Orthodox Jewish synagogue

Skokie Valley Agudath Jacob Synagogue is an Orthodox Jewish synagogue located at 8825 East Prairie Road in Skokie, Illinois. Originally a traditional synagogue, it was founded in 1956 and is one of the oldest active synagogues in Skokie.

==History==
After World War II, Skokie began to grow rapidly. In the 1950s, more than half of the newcomers to Skokie were Jewish families. Skokie Valley Traditional Synagogue was founded in 1956, with groundbreaking ceremonies for the building held on September 29, 1957. Rabbi Milton Kanter was the founding rabbi, and Samuel Berger was the first president and founder. In 1962, Reuben Cooper was named the synagogue's cantor. As a traditional synagogue, it had more than 1,500 members at its height.
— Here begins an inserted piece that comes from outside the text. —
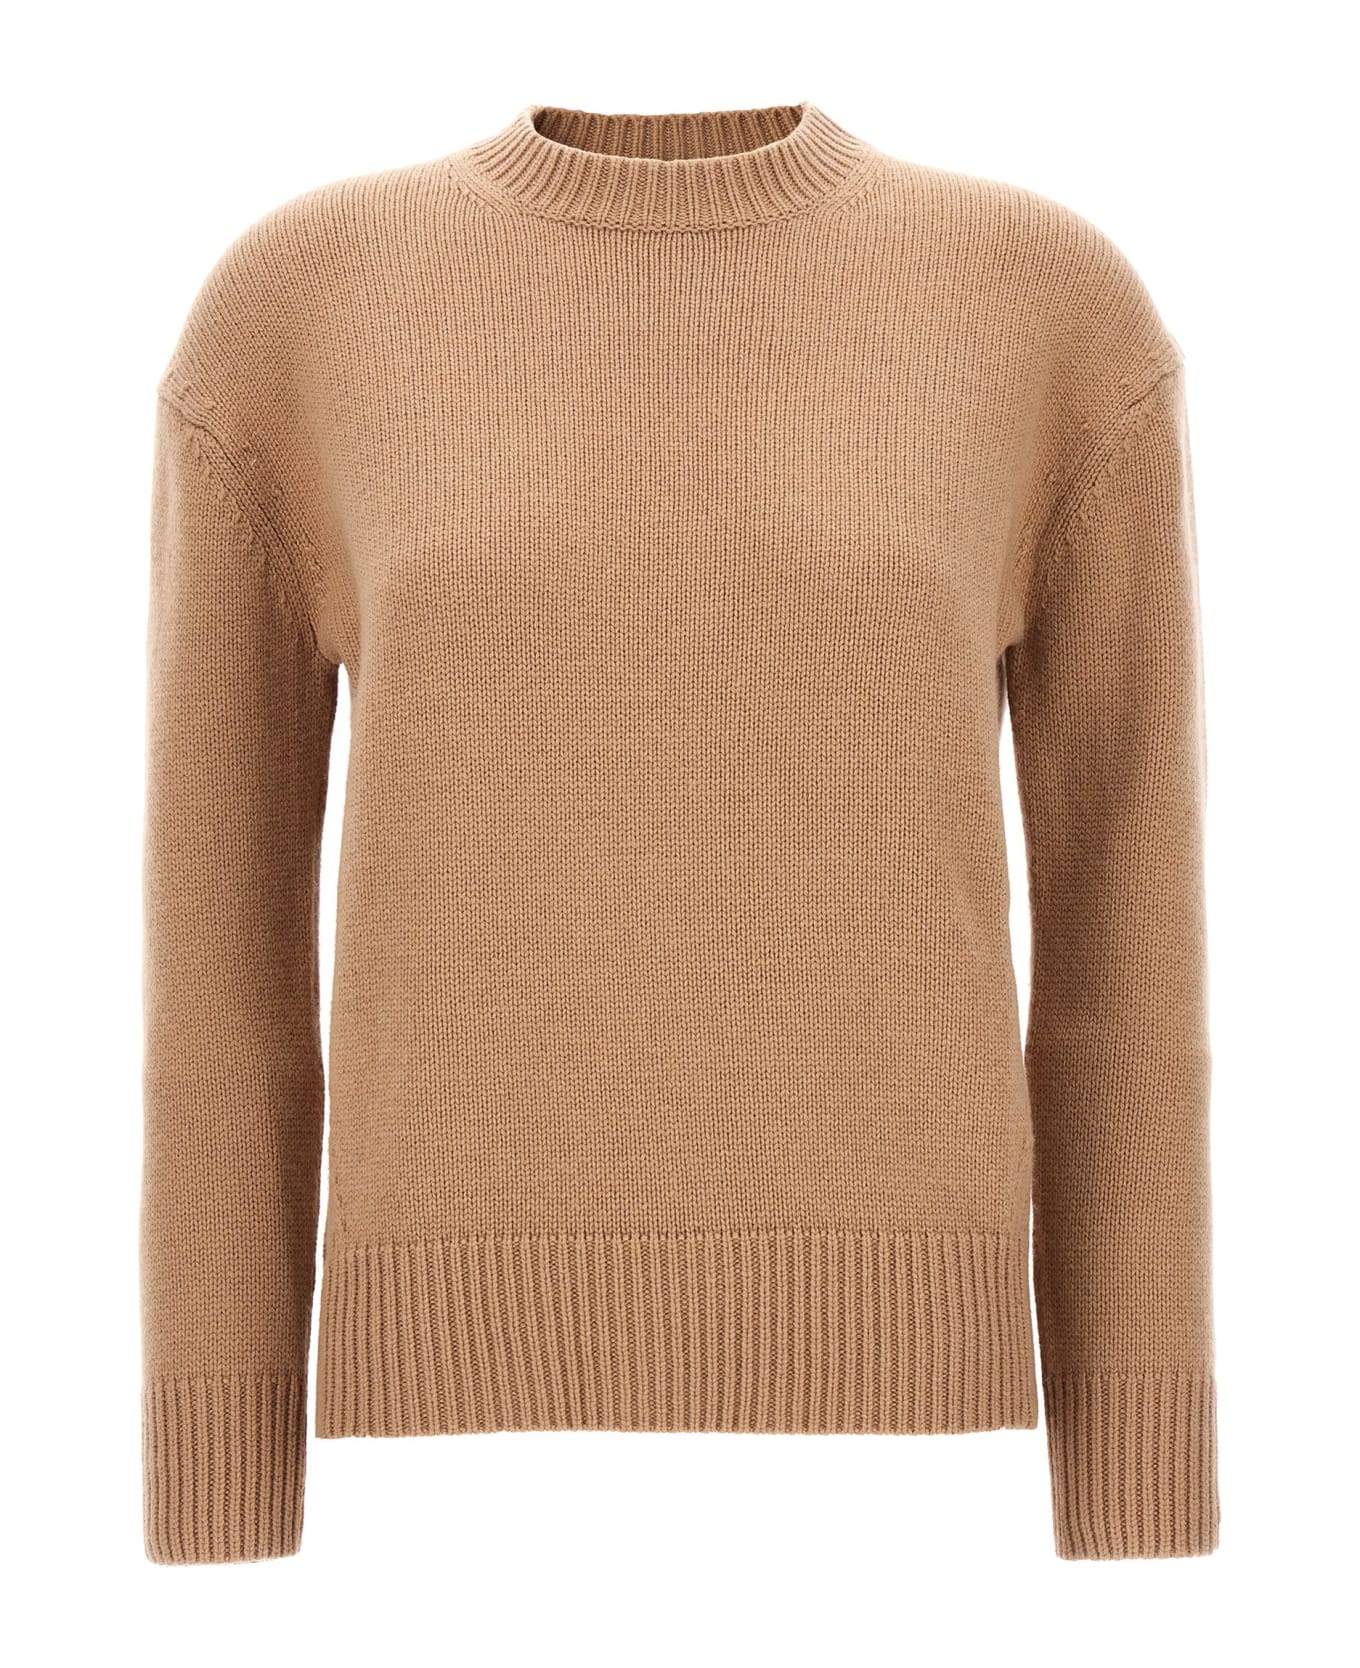 'S Max Mara 'irlanda' Sweater - Beige

Skokie's first mechitza minyan formed by Rabbi Dr. Eliezer Berkovits in the basement of Skokie Valley's building. That minyan would ultimately move down the road to form a new Orthodox synagogue, Congregation Or Torah, in 1969.

In 1995, while under the leadership of Rabbi Louis Tuchman, Skokie Valley Traditional Synagogue merged with Congregation Agudath Jacob of Evanston, becoming Skokie Valley Agudath Jacob. Around 1996, Rabbi Yechiel Eckstein began a brief stint as the synagogue's rabbi. In 1997, Rabbi Jack Engel was named the synagogue's new rabbi. In 1998, Skokie Valley merged with B'nai Jacob Synagogue of West Rogers Park, Chicago.

By the early 2000s, the traditional synagogue's membership had dwindled to 130 people, with an average age of 75. Around 2013, the synagogue began to move in a new direction as an inclusive Orthodox Jewish congregation, with separate (instead of mixed) seating, encouraging women's spiritual leadership, and an emphasis on building positive relationships with the wider Jewish community and the world. In 2017, when Rabbi Ari Hart was hired as its new leader, the synagogue had 160 member households. By 2023, it had grown to 325 member households. The synagogue also helped develop Solu, an initiative to help feed and clothe the needy through interfaith efforts, and respond to racial injustice, antisemitism, mental health, violence prevention, and literacy. In 2025, Solu launched Hersh's Fridge in the synagogue parking lot, naming the kosher community fridge in memory of Hersh Goldberg-Polin following his kidnapping and murder.

==Architecture and design==
The sanctuary was completed in 1963, under the firm of architect Jerome Soltan. In 2020, a major renovation of the interior was undertaken in the modern style. It was completed in 2023, led by Studio ST Architects behind principal architect Esther Sperber. The sanctuary was redesigned, a new HVAC system was installed, and bathrooms and a coat room were added.